If these settings are in use
--- Quote --- GET_FULL_BIO = True ; //Download Biography provider page for retreive the info. Otherwise only the info of the principal peple page.
//GET_FULL_BIO = False ; //Download Biography provider page for retreive the info. Otherwise only the info of the principal peple page.
//BIO_INFO_IN_BIO = True ; //Use the PVD field ~bio~ for storing the person Biography Info Url link for Biography Pages.
BIO_INFO_IN_BIO = False ; //Use the PVD field ~bio~ for not storing the person Biography Info Url link for Biography Pages.
//BIO_URL_IN_BIO = True ; //Use the PVD field ~bio~ for storing the person Url's for Biography Info (Mini Bio) for Biography Pages.

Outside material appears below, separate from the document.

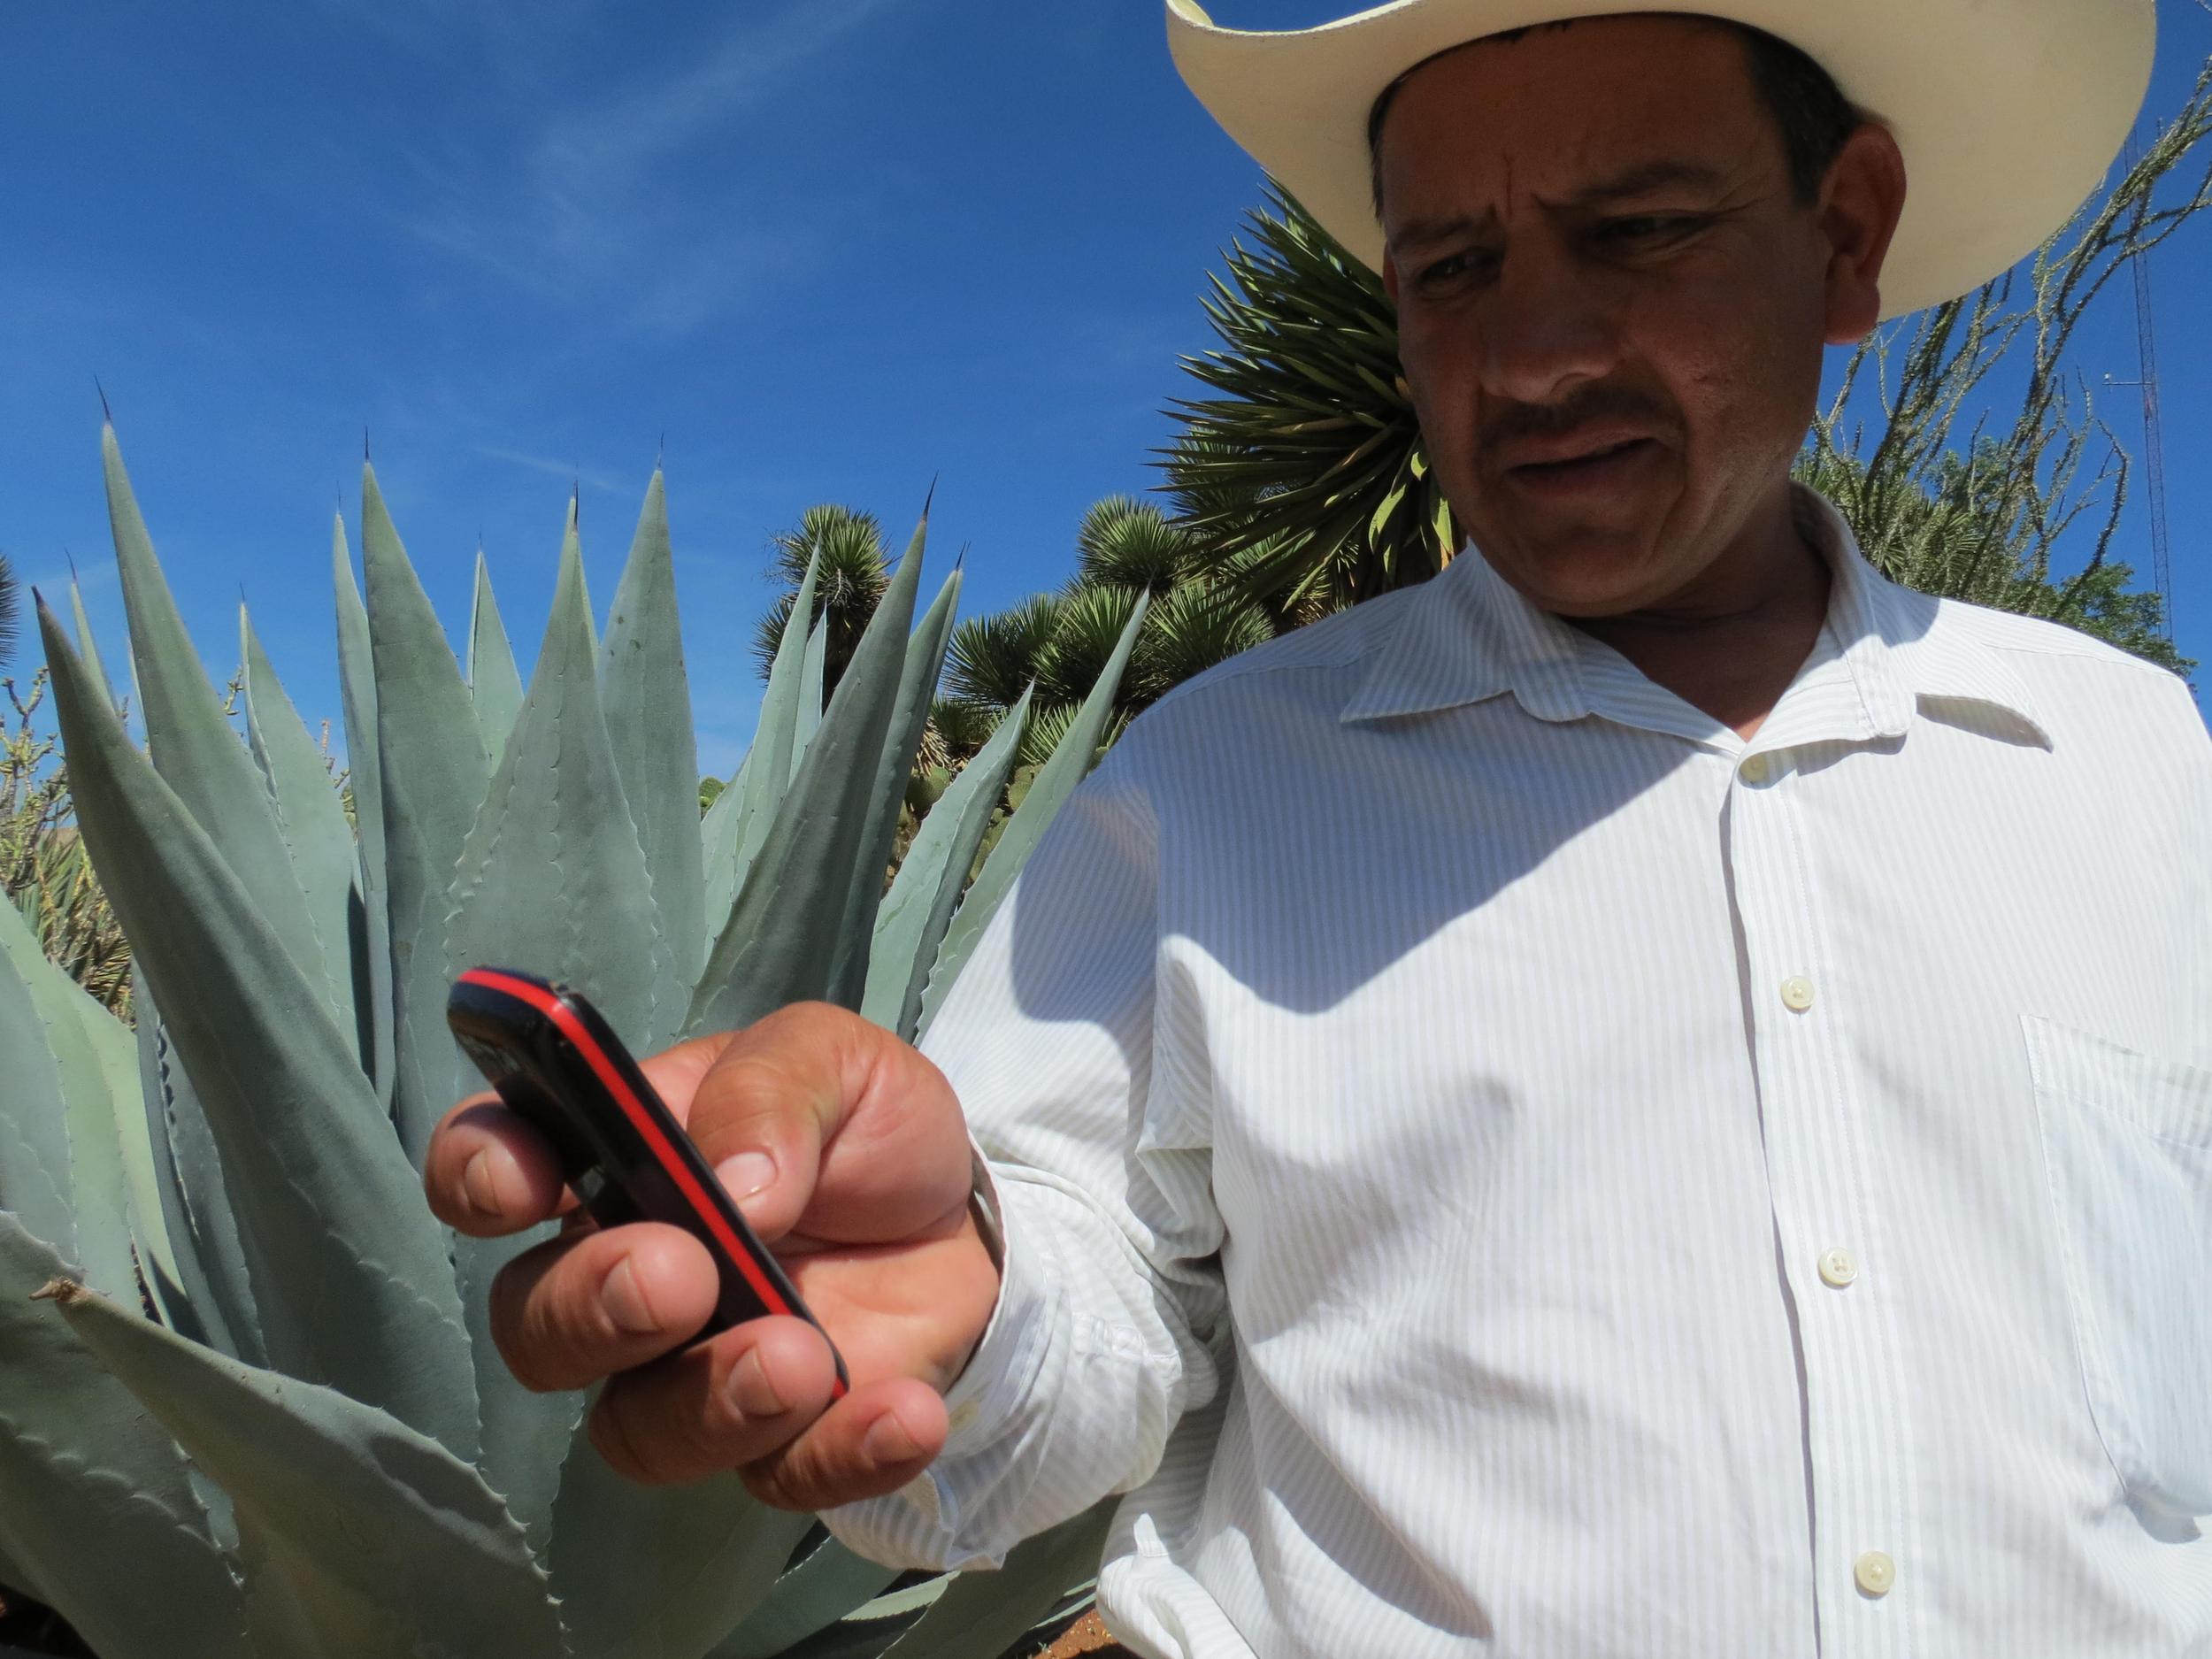 ¿Eres productor? - Con Extensio, recibe información de clima, buenas prácticas, insumos y precios de venta para tu cultivo directamente en tu teléfono.¡Conoce más aquí!

BIO_URL_IN_BIO = False ; //Use the PVD field ~bio~ for not storing the person Url's for Biography Info (Mini Bio) for Biography Pages.
//IMDB_MINI_IN_BIO = True ; //Use the PVD field ~bio~ for storing the person IMDb Mini Biography letters for Biography Info (Mini Bio) for Biography Pages.
IMDB_MINI_IN_BIO = False ; //Use the PVD field ~bio~ for not storing the person IMDb Mini Biography letters for Biography Info (Mini Bio) for Biography Pages.
--- End quote ---
then in the bio field it then looks like this.
--- Quote ---Andrea Barber was born on July 3, 1976 in Los Angeles, California, USA. She is an actress and writer, known for Polna hiša (1987), Fuller House (2016) and Days of Our Lives (1965). She was previously married to Jeremy Rytky.
--- End quote ---
If these settings are in use
--- Quote --- GET_FULL_BIO = True ; //Download Biography provider page for retreive the info. Otherwise only the info of the principal peple page.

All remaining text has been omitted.